Debido a su esencial ambigüedad, una película como Max et les ferrailleurs puede ser vista y analizada desde varios puntos de vista diferentes (que no necesariamente contradictorios), todos ellos pertinentes.
Es posible desde luego, en primer lugar, contemplarla como una mera variación (alambicada y manierista, cuando menos en el plano argumental) del género del "polar" (policíaco), que la cinematografía francesa venía transitando, desde finales de los años cuarenta del pasado siglo, y sobre todo durante las décadas de los cincuenta y sesenta. Desde este punto de vista (de la historia de un género), Max et les ferrailleurs resultaría ser principalmente una obra cuasi-epigonal.
Pero, en segundo lugar, es posible también, me parece, ver la película de otros modos: como una alteración significativa, como una radicalización notoria del género(de lo que, entre otros, el propio Claude Sautet había ensayado ya, en la década anterior: en Classe tous risques). Radicalización, al menos en un triple sentido:
- Primero, porque en ella el crimen no posee ya el significado que había venido teniendo en anteriores muestras del género. Ya no se trata de solidaridad de clase o grupo, o de conflicto social, pero tampoco de maldad o de sinsentido metafísico. Aquí, la policía se ha convertido en parte esencial de la explicación causal de la dinámica delictiva. Los delincuentes (esos chatarreros embarcados, de mala manera, en un absurdo proyecto de atraco bancario) son seres ingenuos, arteramente manipulados por poderes que actúan en la sombra, con fines apenas confesables (apuntarse un tanto ante sus superiores y ante la opinión pública, demostrar su poderío,...). El delito como producto social, sí, pero en el sentido más directamente -y recusablemente- infame: pura entelequia, pura creación artificiosa desde el poder, pura manipulación de los sectores más marginales de las clases populares al servicio de proyectos de poder (de la pura voluntad de poder, en realidad).

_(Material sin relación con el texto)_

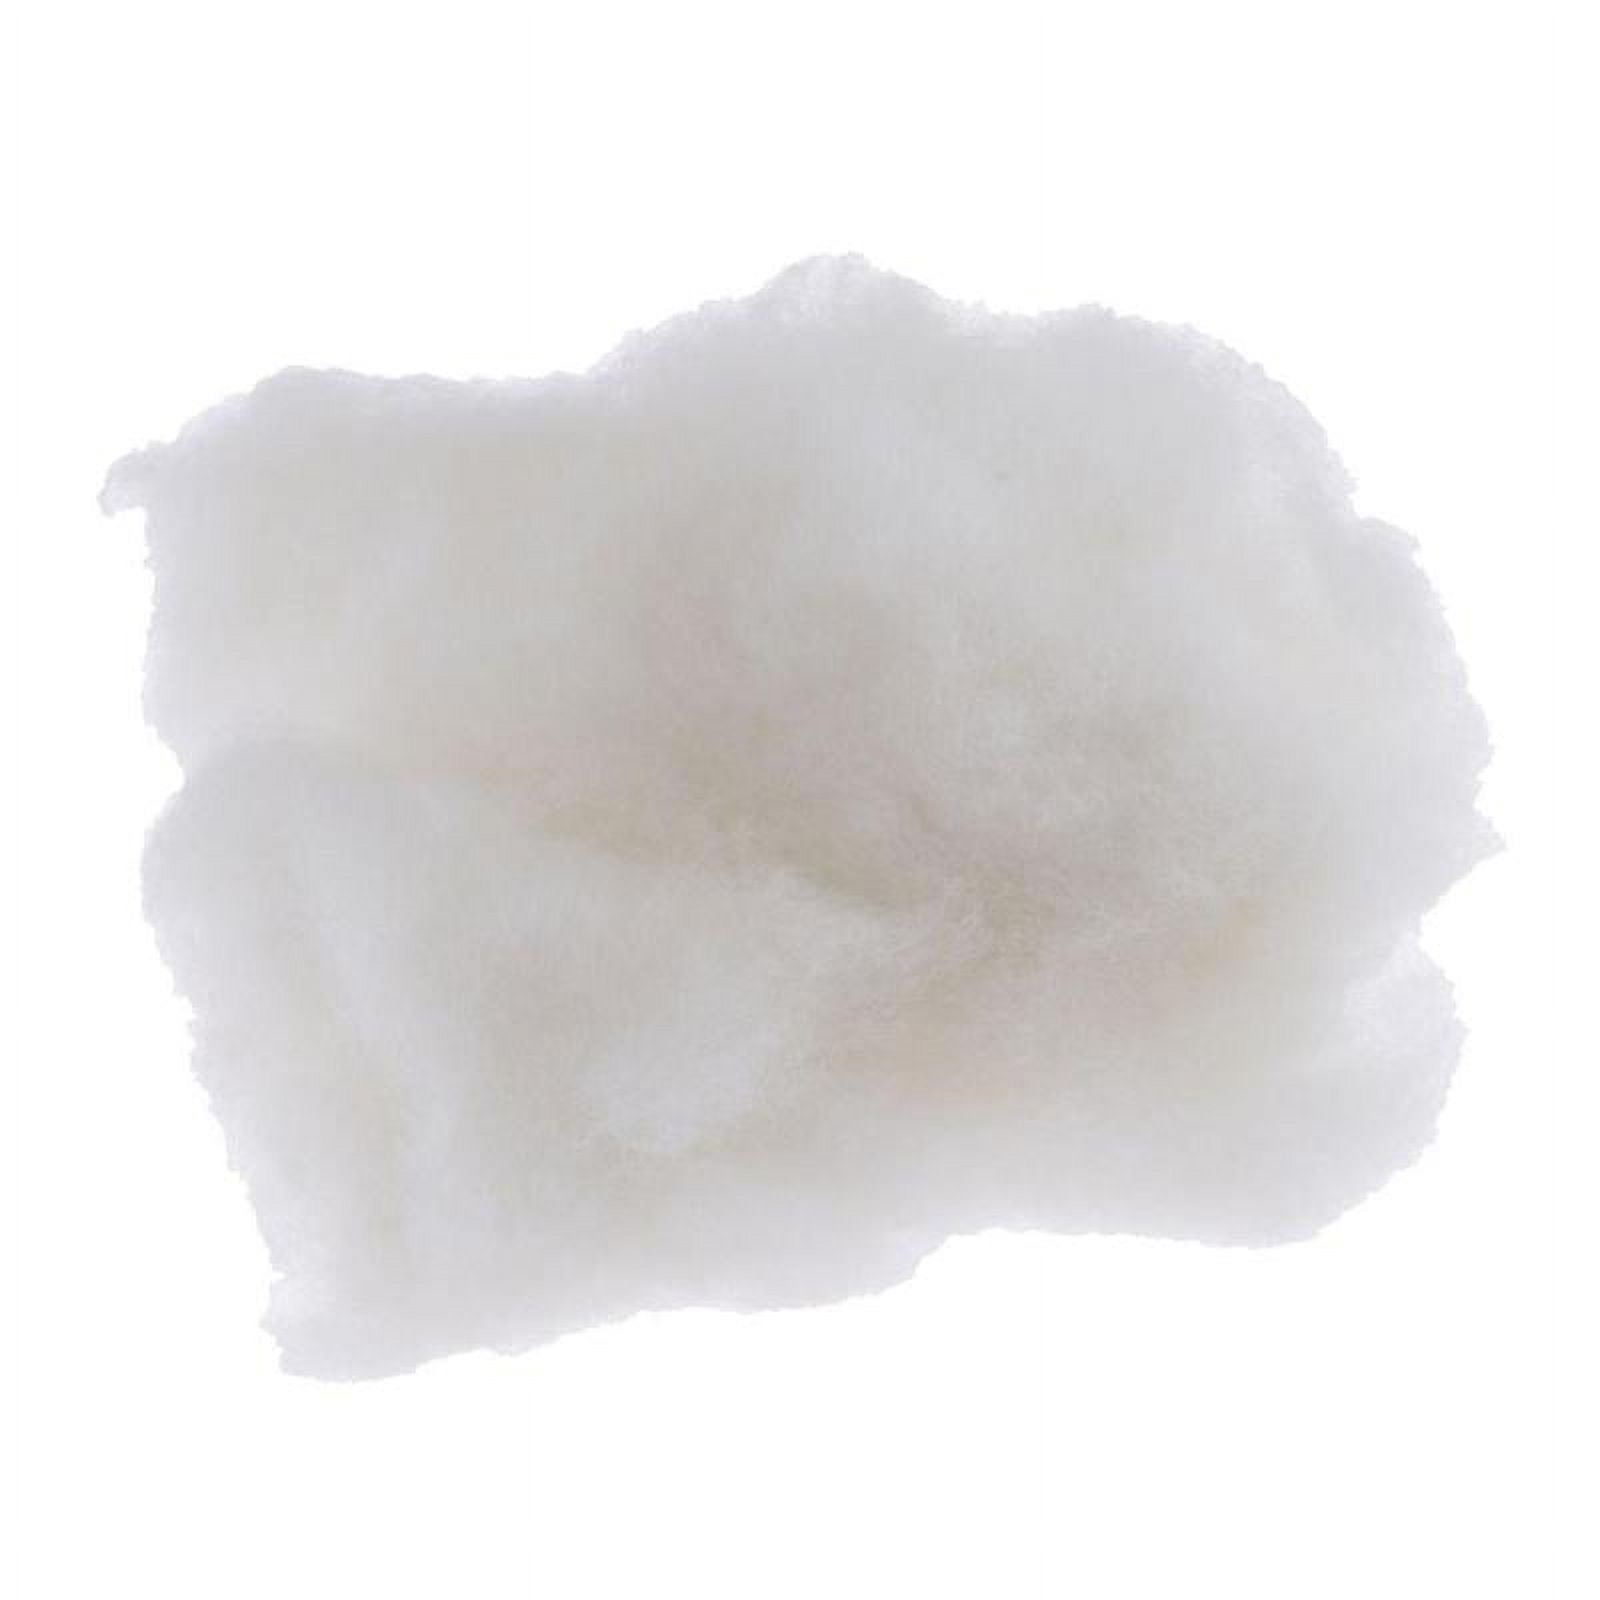  Wool Batting for Stuffing Animals, Crafts, Cushions, Pillow  Filler, Needle Felting (16oz, Natural White) : Arts, Crafts & Sewing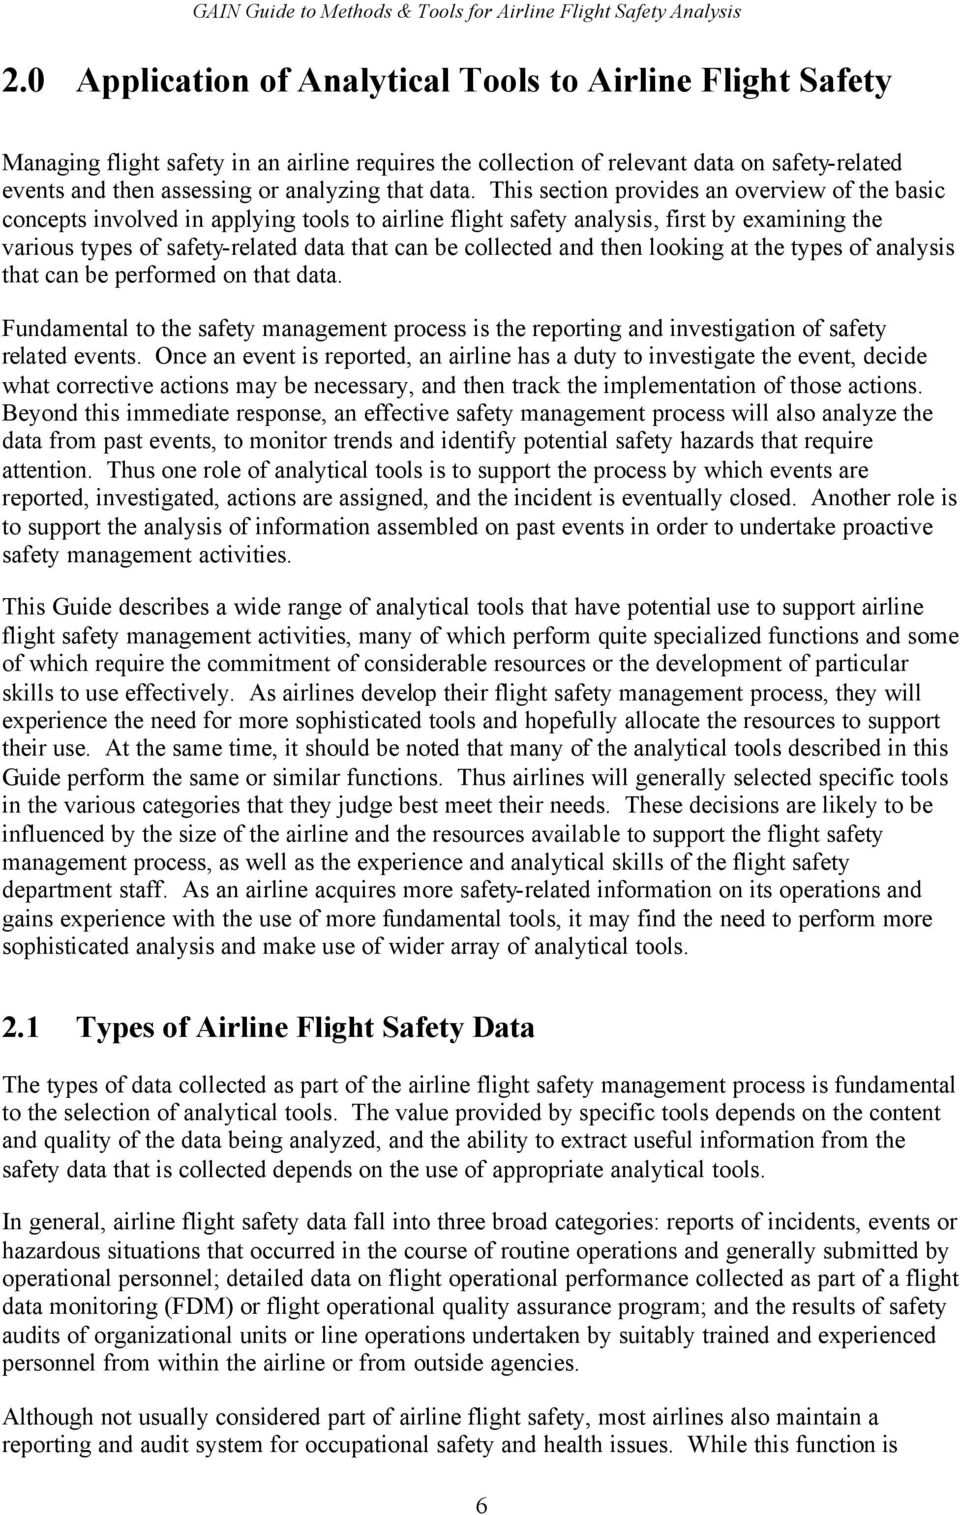 This section provides an overview of the basic concepts involved in applying tools to airline flight safety analysis, first by examining the various types of safety-related data that can be collected

- Segundo, porque la narración adquiere en esta película, de manera muy notable (en comparación con lo que venía siendo las convenciones del género), una estilización particular. En efecto, los ejercicios de iluminación y la composición de planos cerrados (muy particularmente en las escenas que transcurren entre Max -Michel Piccoli- y Lily -Romy Schneider-, pero también en aquellas en las que los miembros de la banda discuten entre sí, o en las que Max se enfrenta a su jefe o a sus compañeros) concentran la atención de la narración no tanto en la acción (por lo demás, banal), o en los personajes, como era tradición, cuanto más bien en el aherrojamiento al que las situaciones dramáticas arrojan a los personajes. De este modo, se narra más bien -porque se enfatiza sobre todo- un estado de ánimo (introspectivo, fatalista) que un curso de acontecimientos. En este sentido, nos hallamos ya, pues, ante una película policíaca eminentemente manierista.
- Por último, puede ser acaso que realmente nos hallemos ante una narración centrada no tanto en la historia de manipulación, poder, amor y traición que aparenta ser, cuanto en la elaboración en términos narrativos de una temática eminentemente metafísica (ética): precisamente, la de la confusión de las moralidades, la del imperio ineluctable de la amoralidad. En este sentido, en efecto, la figura de Max aparece como la de un auténtico demonio, tentador. Sólo que, al tiempo, también muy humano, en sus pasiones, anhelos y debilidades. De manera que lo que cabe concluir, desde este punto de vista, es que lo que triunfa en el mundo social de nuestros días (¿en el humano mundo social siempre?) es, precisamente, la carencia de cualquier sentido, ético o existencial; el puro capricho, arbitrio azaroso, injusto casi siempre. Con resultados trágicos, para todos los agentes (aunque, tal vez, con beneficios innegables para el orden social y para los beneficiarios de su mantenimiento).
Una película, pues, diferente, en todo caso: un thriller estilizado, subversivo, formalista, metafísico,... Una rareza, digna de revisión, y de reflexión.